* _Requirement_: Take the material below and output exactly the run of lines from the one containing "Black Pvc Coat" down to the one containing "ORIS AQUIS DATE", with both included.

•••••

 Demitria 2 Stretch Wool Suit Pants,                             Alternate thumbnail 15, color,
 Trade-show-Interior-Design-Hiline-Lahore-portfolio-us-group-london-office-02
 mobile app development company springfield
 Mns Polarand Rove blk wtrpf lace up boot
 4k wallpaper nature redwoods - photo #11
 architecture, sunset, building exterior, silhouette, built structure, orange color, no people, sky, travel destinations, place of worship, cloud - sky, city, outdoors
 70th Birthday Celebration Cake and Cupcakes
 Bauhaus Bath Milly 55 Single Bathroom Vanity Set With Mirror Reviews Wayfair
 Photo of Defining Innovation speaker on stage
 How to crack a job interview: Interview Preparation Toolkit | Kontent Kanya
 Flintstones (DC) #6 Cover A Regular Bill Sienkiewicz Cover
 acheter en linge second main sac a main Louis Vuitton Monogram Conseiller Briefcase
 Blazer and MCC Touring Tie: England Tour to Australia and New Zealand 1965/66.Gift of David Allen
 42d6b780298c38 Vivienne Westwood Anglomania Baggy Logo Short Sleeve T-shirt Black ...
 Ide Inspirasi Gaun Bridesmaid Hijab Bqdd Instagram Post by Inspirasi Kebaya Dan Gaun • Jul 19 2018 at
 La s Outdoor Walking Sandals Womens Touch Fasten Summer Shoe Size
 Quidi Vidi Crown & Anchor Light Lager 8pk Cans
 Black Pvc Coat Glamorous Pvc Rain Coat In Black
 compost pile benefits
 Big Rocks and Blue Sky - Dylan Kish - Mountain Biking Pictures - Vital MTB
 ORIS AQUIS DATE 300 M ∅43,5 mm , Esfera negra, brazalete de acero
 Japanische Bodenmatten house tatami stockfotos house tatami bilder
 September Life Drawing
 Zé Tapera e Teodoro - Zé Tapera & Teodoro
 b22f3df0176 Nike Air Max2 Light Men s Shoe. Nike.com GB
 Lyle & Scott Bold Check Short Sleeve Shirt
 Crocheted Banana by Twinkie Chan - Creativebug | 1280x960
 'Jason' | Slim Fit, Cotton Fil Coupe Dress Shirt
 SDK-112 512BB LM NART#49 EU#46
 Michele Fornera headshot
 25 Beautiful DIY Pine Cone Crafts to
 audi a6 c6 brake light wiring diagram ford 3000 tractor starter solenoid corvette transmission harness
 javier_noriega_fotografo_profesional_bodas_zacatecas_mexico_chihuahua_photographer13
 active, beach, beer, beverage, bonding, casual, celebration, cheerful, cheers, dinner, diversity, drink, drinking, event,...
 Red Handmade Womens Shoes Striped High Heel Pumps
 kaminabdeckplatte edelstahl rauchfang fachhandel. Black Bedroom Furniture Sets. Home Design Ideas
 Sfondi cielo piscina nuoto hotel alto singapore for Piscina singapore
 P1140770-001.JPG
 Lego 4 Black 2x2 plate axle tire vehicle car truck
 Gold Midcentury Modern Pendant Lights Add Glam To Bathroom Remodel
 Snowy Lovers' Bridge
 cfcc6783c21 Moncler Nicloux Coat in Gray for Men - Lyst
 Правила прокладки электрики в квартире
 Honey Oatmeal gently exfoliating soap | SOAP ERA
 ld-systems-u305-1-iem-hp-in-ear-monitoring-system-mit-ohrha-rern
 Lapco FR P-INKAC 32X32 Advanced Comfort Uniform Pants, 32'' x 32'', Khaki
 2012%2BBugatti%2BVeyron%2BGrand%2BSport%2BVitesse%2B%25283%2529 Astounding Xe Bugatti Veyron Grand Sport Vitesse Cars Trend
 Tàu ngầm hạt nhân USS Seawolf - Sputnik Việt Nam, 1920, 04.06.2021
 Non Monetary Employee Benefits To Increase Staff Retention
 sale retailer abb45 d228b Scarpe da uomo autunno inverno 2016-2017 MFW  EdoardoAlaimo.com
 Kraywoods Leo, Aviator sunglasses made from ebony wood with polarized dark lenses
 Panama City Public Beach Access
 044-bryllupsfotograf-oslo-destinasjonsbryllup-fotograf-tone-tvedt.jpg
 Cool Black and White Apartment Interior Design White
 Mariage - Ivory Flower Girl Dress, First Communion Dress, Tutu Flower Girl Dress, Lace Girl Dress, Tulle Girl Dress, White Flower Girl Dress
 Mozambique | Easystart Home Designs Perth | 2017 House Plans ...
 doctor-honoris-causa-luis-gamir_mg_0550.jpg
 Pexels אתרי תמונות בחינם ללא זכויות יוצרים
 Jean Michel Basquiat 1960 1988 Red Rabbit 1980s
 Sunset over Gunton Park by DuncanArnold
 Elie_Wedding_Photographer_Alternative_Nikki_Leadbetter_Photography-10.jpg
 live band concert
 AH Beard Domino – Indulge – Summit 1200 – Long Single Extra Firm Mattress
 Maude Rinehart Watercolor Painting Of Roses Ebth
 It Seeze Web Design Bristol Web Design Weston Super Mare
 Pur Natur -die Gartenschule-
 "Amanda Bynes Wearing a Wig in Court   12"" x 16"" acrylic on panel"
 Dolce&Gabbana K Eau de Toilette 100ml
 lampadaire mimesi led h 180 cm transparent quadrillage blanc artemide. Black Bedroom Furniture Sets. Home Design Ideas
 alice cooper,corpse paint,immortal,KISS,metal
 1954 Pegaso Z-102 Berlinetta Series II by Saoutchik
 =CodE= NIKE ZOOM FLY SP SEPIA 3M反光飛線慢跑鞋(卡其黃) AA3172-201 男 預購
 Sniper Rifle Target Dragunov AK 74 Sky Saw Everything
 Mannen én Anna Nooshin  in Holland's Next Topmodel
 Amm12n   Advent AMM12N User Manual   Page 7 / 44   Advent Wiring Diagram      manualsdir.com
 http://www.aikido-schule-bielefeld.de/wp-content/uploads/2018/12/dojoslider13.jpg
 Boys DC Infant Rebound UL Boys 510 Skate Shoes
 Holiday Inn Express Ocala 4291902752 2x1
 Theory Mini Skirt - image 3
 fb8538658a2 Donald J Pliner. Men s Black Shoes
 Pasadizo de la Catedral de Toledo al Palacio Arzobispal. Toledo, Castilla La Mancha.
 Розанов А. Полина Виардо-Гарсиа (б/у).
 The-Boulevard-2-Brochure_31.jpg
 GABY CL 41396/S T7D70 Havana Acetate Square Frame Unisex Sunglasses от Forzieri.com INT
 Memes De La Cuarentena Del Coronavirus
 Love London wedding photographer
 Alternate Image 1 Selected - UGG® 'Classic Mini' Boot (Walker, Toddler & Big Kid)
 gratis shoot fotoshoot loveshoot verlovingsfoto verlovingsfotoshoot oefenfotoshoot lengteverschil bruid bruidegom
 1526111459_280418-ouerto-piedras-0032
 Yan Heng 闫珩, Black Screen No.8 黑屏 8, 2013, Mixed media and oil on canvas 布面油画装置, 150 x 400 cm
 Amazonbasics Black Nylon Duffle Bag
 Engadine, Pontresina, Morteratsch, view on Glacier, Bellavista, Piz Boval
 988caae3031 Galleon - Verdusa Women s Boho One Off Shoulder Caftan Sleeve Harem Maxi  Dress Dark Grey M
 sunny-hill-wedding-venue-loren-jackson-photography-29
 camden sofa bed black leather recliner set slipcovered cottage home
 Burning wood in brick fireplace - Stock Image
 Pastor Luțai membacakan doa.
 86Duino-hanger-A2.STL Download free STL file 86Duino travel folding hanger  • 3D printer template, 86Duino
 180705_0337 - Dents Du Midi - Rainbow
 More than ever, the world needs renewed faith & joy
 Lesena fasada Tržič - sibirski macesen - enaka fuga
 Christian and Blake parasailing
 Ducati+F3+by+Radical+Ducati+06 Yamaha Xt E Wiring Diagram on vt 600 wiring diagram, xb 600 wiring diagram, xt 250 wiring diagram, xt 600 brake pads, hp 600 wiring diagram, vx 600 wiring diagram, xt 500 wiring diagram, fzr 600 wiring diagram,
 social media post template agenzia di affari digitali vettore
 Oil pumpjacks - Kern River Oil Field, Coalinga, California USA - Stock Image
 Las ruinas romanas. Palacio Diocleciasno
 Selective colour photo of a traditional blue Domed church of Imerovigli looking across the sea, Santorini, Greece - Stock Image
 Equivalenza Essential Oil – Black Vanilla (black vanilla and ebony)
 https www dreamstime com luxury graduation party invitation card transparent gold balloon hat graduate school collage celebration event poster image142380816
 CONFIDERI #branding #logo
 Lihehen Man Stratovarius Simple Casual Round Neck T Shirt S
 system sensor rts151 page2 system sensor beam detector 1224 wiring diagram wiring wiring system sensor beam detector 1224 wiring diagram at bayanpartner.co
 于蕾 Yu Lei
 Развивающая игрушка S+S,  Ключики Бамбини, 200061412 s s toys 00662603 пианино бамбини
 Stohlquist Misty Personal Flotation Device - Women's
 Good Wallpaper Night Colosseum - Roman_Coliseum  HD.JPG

•••••

* _Written solution_:
 Black Pvc Coat Glamorous Pvc Rain Coat In Black
 compost pile benefits
 Big Rocks and Blue Sky - Dylan Kish - Mountain Biking Pictures - Vital MTB
 ORIS AQUIS DATE 300 M ∅43,5 mm , Esfera negra, brazalete de acero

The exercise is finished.